§ Data to process:
• • •

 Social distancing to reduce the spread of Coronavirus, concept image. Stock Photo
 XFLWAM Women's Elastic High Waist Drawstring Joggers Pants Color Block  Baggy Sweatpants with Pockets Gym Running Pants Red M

• • •

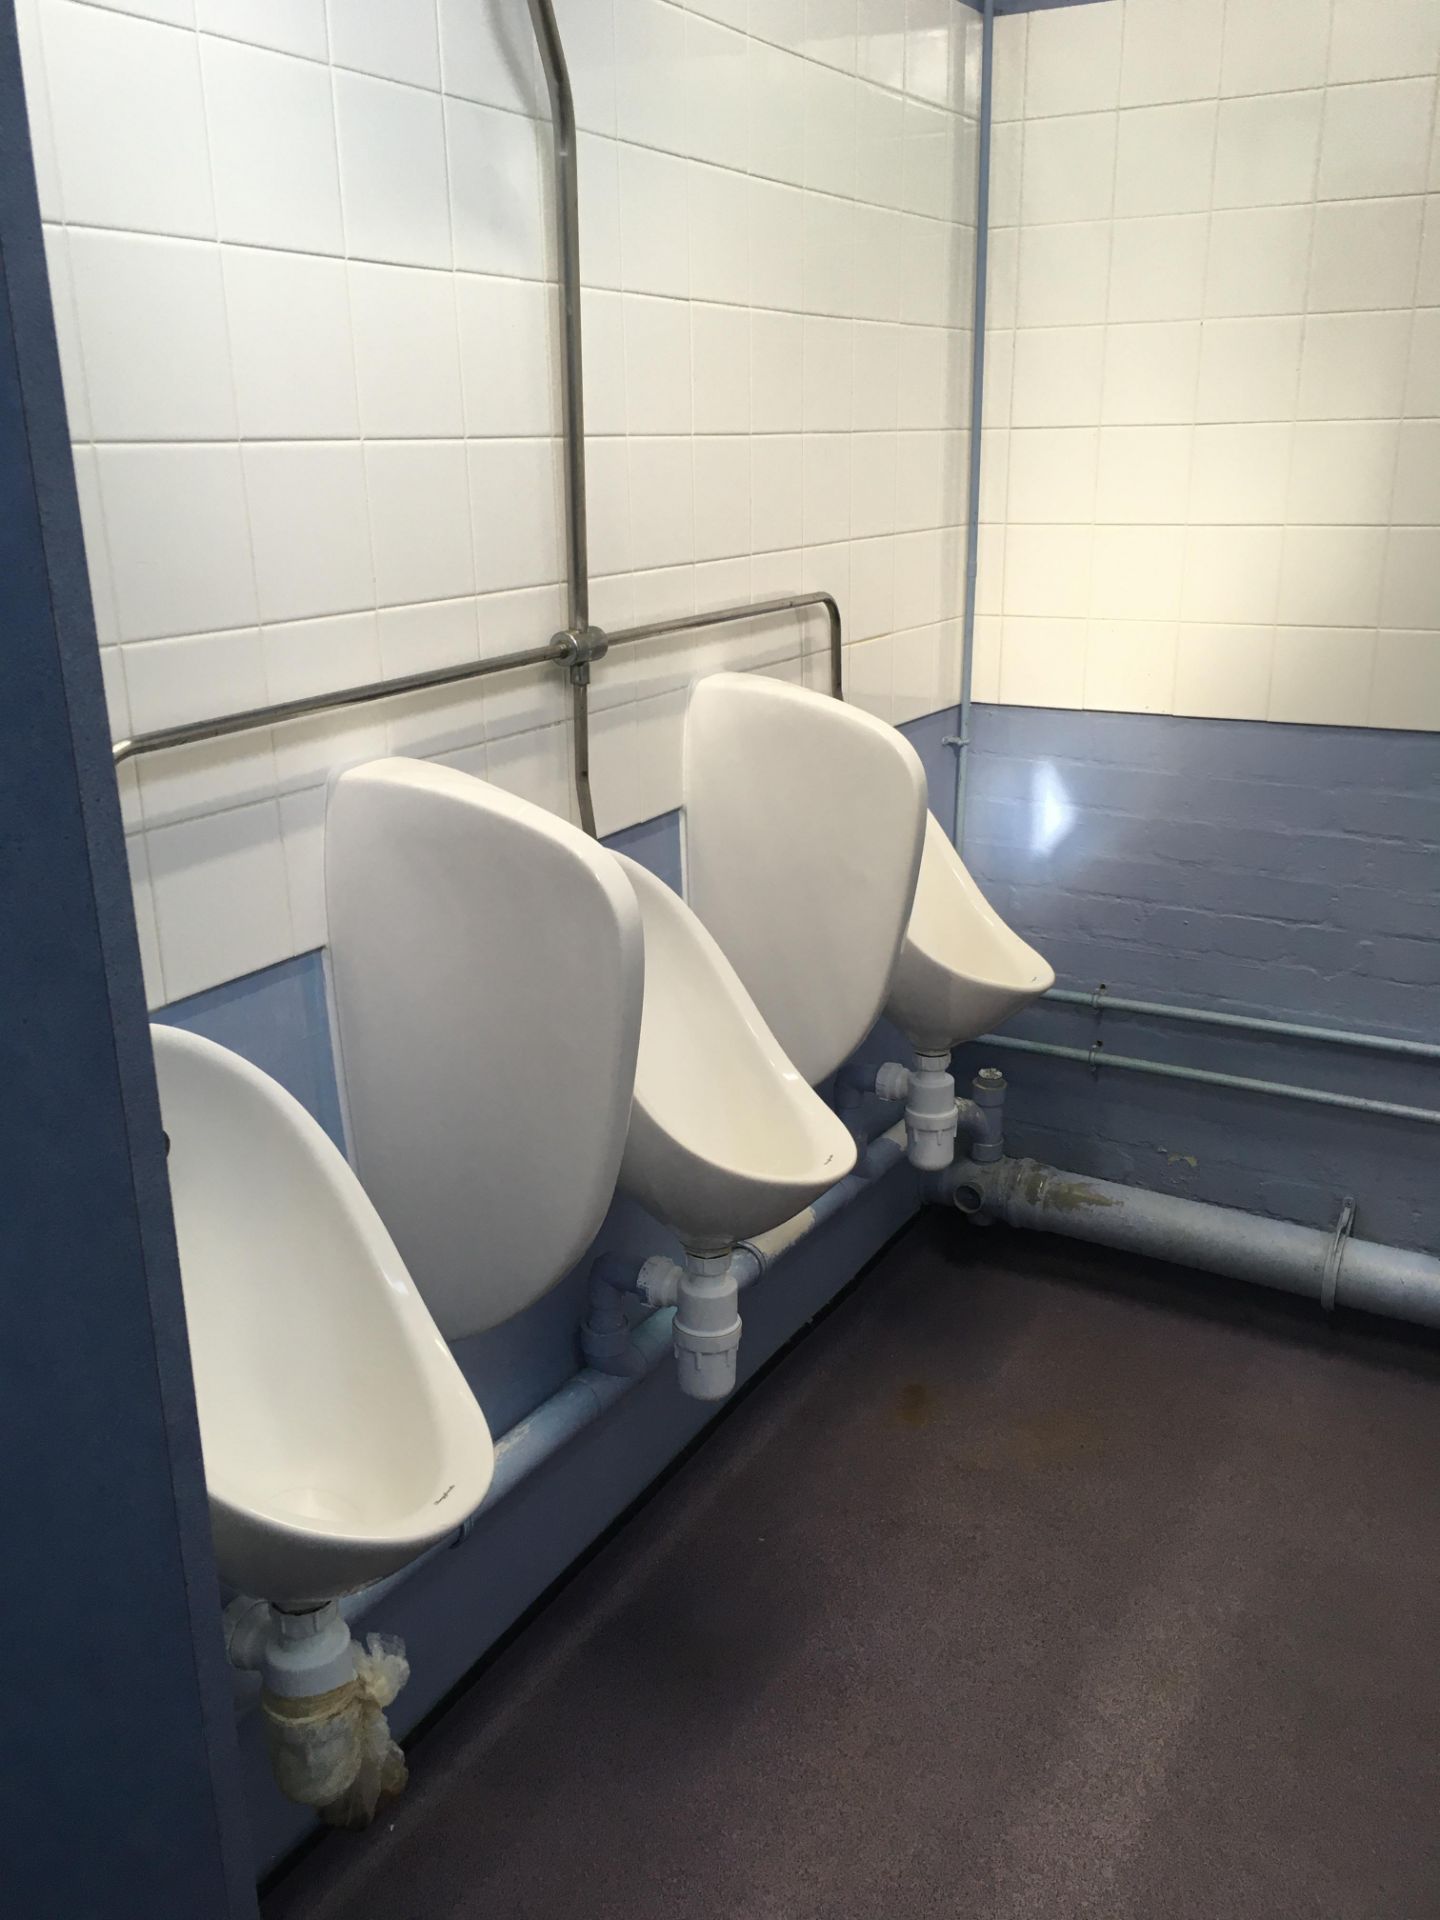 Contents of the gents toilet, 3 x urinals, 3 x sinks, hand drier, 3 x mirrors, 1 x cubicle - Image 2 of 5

• • •

§ Work instruction: All that is wanted is the stretch of lines above from the one containing "Social distancing to" through the one containing "XFLWAM Women's Elastic", duplicated exactly.

§ Completed exercise:
 Social distancing to reduce the spread of Coronavirus, concept image. Stock Photo
 XFLWAM Women's Elastic High Waist Drawstring Joggers Pants Color Block  Baggy Sweatpants with Pockets Gym Running Pants Red M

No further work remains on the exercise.